I also had a bit of a heart attack when uploading this evening, the cruft-free URLs decided not to work for me. For some reason, they weren’t being processed on the fly by Hitoplive’s CGI programme (something which is done invisibly). Considering this worked fine on my machine, it took me a while to find a solution, which thankfully came in duplicating the relevant AddHandler information for Hitoplive in the .htaccess file. Why it wasn’t picking it up from the httpd2.conf is anyones guess, but at least it works.

Site Structure

As well as doing all this, the site structure got a review. The old Soundbites section got folded into Features, and a new resources section was formed out of part of the review section which all seemed a little more logical.

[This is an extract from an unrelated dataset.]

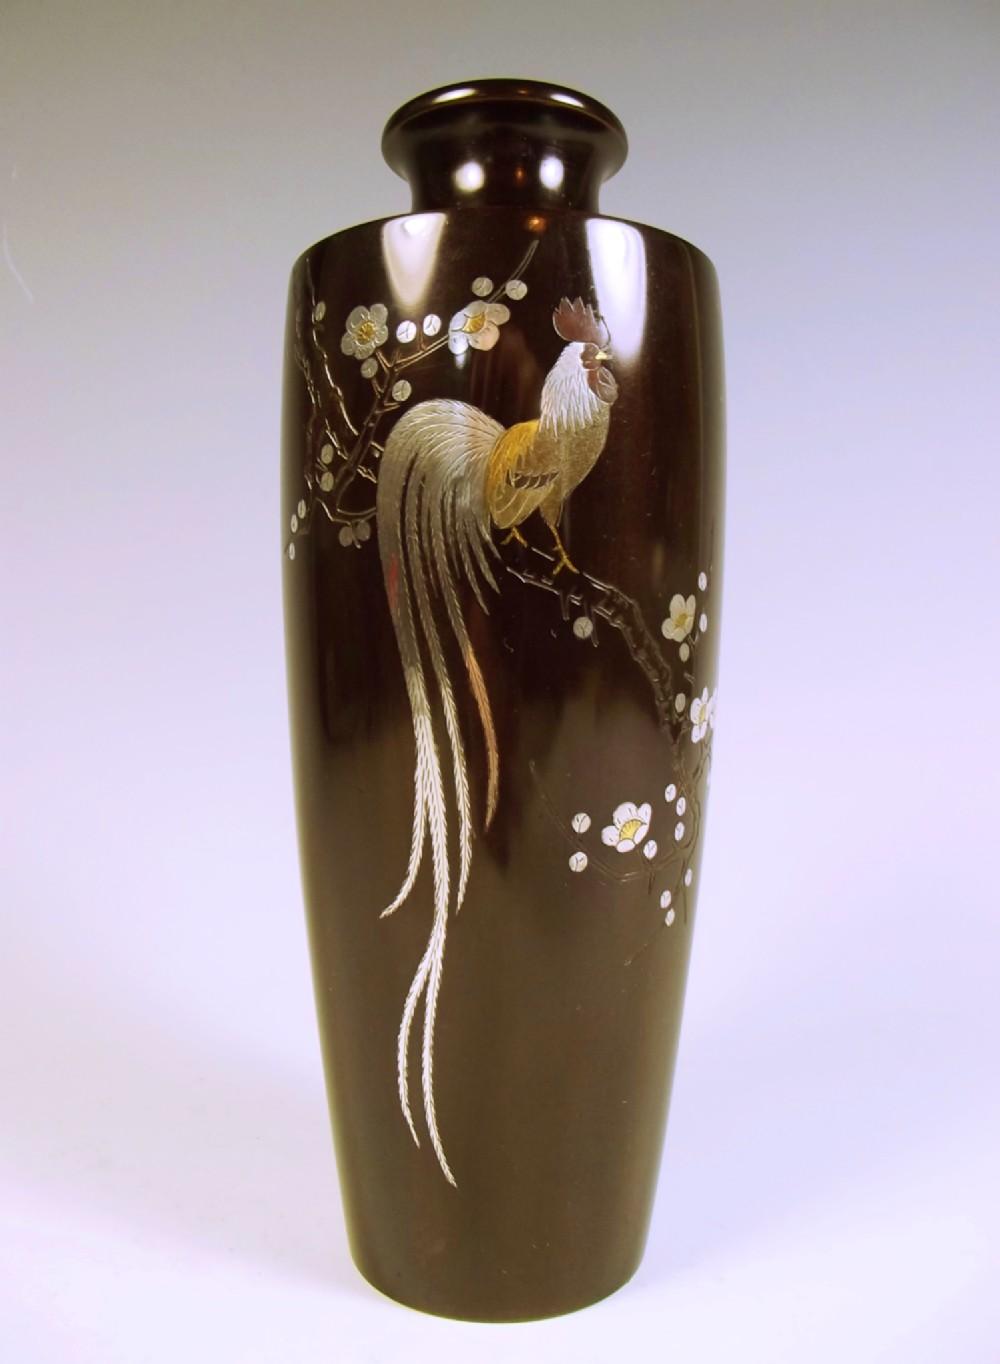 japanese bronze cockerel vase silver and gold inlay meiji period

I’ve said all that and haven’t even mentioned the design! I originally thought about merely tweaking the design to work better with CSS layout. In the end, I was getting so sick of the old design that everything got started from scratch. The new design uses the same colour scheme as the old. The old site also looked rather blocky, so a nice curve was added to the header area, and an attempt was made to make it look a little more graphical, whilst not using many graphics.

There’s also a new right column for various information to be added, and the content area is narrower to help make it more readable.

I also decided to use ‘Trebuchet MS’ as the main content font, mostly as I was bored of using Verdana for everything. Never used to be a fan of Trebuchet but it really works nicely on this design.

I’m really happy with the design full stop – it’s simple but seems to look more than it actually is.

And that’s that?

Sadly its not all over yet. I’m trying to automate the contributors page which is no mean feat as Movable Type doesn’t make having an archive of everyone’s entries easy, yet alone creating a single one via many blogs. I’ve been playing with Brad Choate’s MTAuthors plugin with which you can create a list of authors in a blog, and list their corresponding articles.

However it also prints out authors who have no entries and will only work on one blog at a time, so I might have to do some munging with Hitoplive to just generate one page.

There’s also the News section to sort out – that’s been deliberatly left out of Movable Type for now for certain reasons. And I’m pondering whether to add RSS feeds.

And I’ll probably get bored of the design at some point and want to start all over again…

Still for now, it’s the best looking feminist website in the UK. Or so I reckon. And no pink to be seen! Pop over to the site and see what you think!